James Spearing: As I’m on holiday I’ve pretty much been listening ONLY to Bat For Lashes (and also Spanish radio in the car but the less said about that the better). So at the risk of becoming a Bat bore, it’s her again. Little else to say beyond the review I’ve already written so maybe just have a read of that?
Tom Burrows: Lana, Nico, and The 1975 – For me, September started with the sounds of Lana Del Rey’s career-best Norman Fucking Rockwell!, before I revisited my Nicolas Jaar obsession by engrossing myself in his entire discography – specifically 2011’s wonderfully strange Space Is Only Noise. Then, with the Mercury Prize approaching, I relistened to some of the nominees and there came a surprise, folks. Because, after a year of being largely unconvinced, The 1975’s A Brief Enquiry Into Online Relationships has finally clicked with me in a big way – and I’ll join Picky Bastard Sam in singing its praises. Like many people, I’d assumed that the band were fronted by an annoying gobshite and produced nothing but vacuous indie pop for teenagers. But I was wrong – A Brief Inquiry is a legitimately excellent record. It’s manic in the way it flits from 80s pop to stadium anthems to even a jazz standard, but this now feels intentional – a brazenly ambitious attempt to reflect our always-on contemporary world. Yes, they have shamelessly tried to produce their own OK Computer (and have fallen some way short of those heights). But I can’t help but be impressed by the ambition and creativity they’ve shown here and I look forward to next year’s follow-up.
Lisa Whiteman: Tool – Fear Inoculum – Epic. That is all.
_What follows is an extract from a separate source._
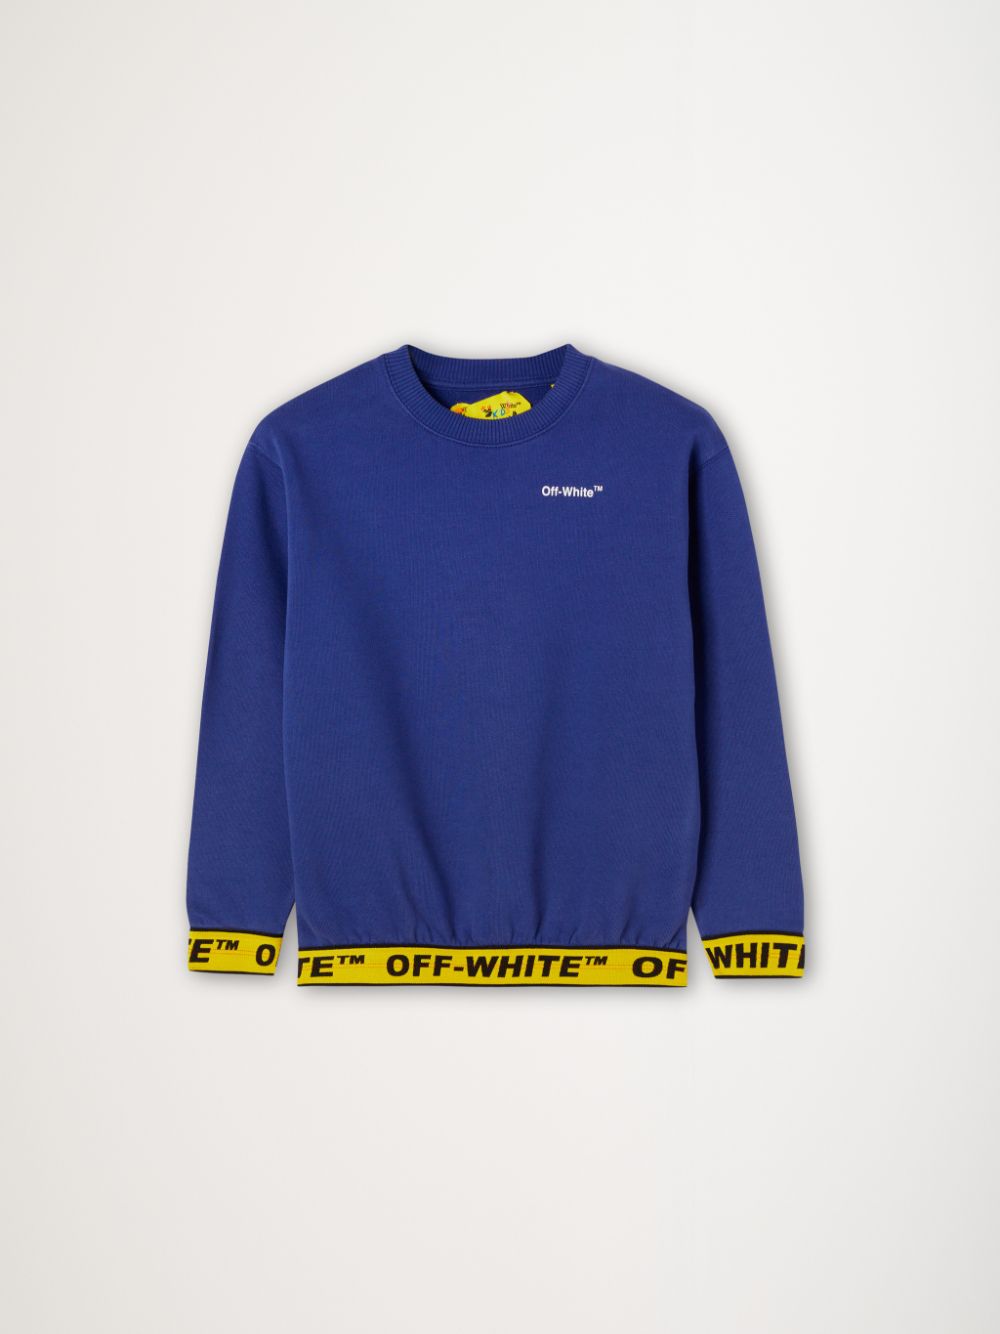 LOGO INDUSTRIAL CREWNECK in blue | Off-White™ Official XC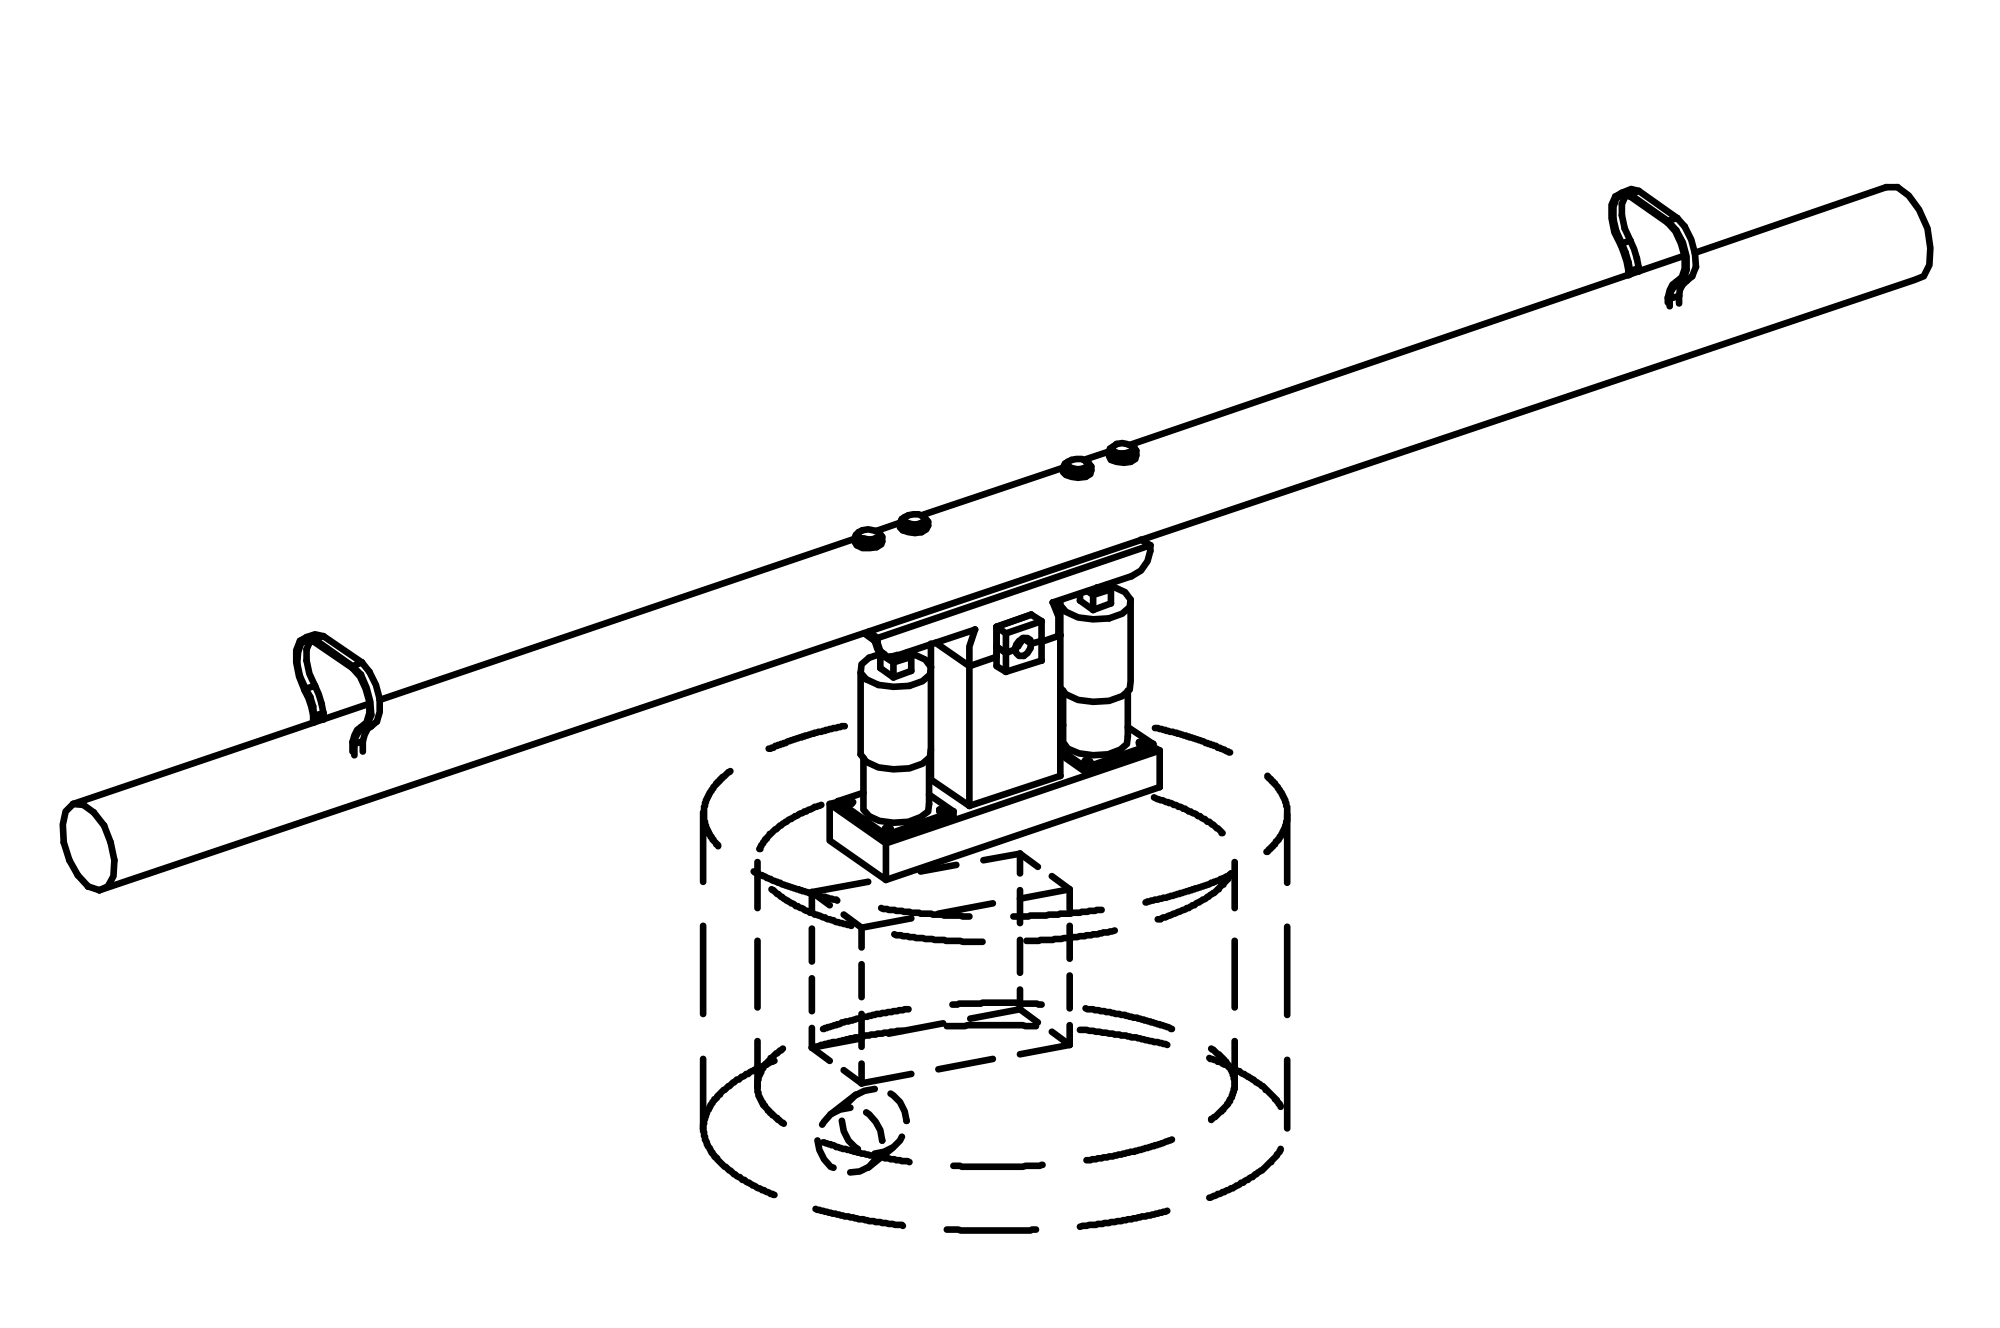 Pump See-sawwith valve assembly

Fran Slater: Art School Girlfriend – I’ve sung their praises already in my review of this year’s Green Man Festival, but after seeing them support Marika Hackman at Manchester’s Band on the Wall and splashing on their ‘Measures’ EP on vinyl they are fast becoming the act I’m most excited about. ‘Moon’, ‘Come Back to Me’, ‘Diving’, and ‘Bending Back’ are their standout songs for me so far but I suggest you just go to Spotify and listening to everything. They’ve got a touch of Daughter, a sprinkle of The xx, but, in all honesty, a sound that’s totally their own.
Kim Fernley: ‘This Wheel’s On Fire’ – unknown busker – I was in the middle of washing up last weekend – bear with me – when I heard faint music in the distance. I went out into the garden and could hear a busker in the nearby square, playing an acoustic version of ‘This Wheel’s On Fire’. It was really raw and soulful. It was a beautiful day outside, too. Everything just came together to create these perfect few minutes, and it perked me up for the rest of the day. It was a reminder that live music takes different forms, and to appreciate those buskers who enrich our streets and ears.
Sam Atkins: Tegan and Sara – Hey, Im Just Like You – The indie pop duo that seem to have released at least one song that everyone would like returned this month with an album alongside a set of diaries. An album created by taking songs they wrote when they were teenagers and mixing and matching them into a 12 track pop record shouldn’t work, but somehow it’s their most instantly enjoyable album yet.
Pete Wild: Best thing I’ve heard this month is the new Pete Yorn album Caretakers. For the uninitiated, Yorn is a singer-songwriter in a sort of Replacements mould and his first three or four albums are great. In recent years, his powers had seemed to wane for me (amidst odd little side projects like The Ohms and liaisons with Scarlett Johansson) but then – wouldn’t you just know it – Caretakers lands and it feels both vintage and new. It’s rock’n’roll (which probably confirms my elderly dinosaur status) but it’s a sweet and affecting noise and it takes me out of my head which is just where I want to be.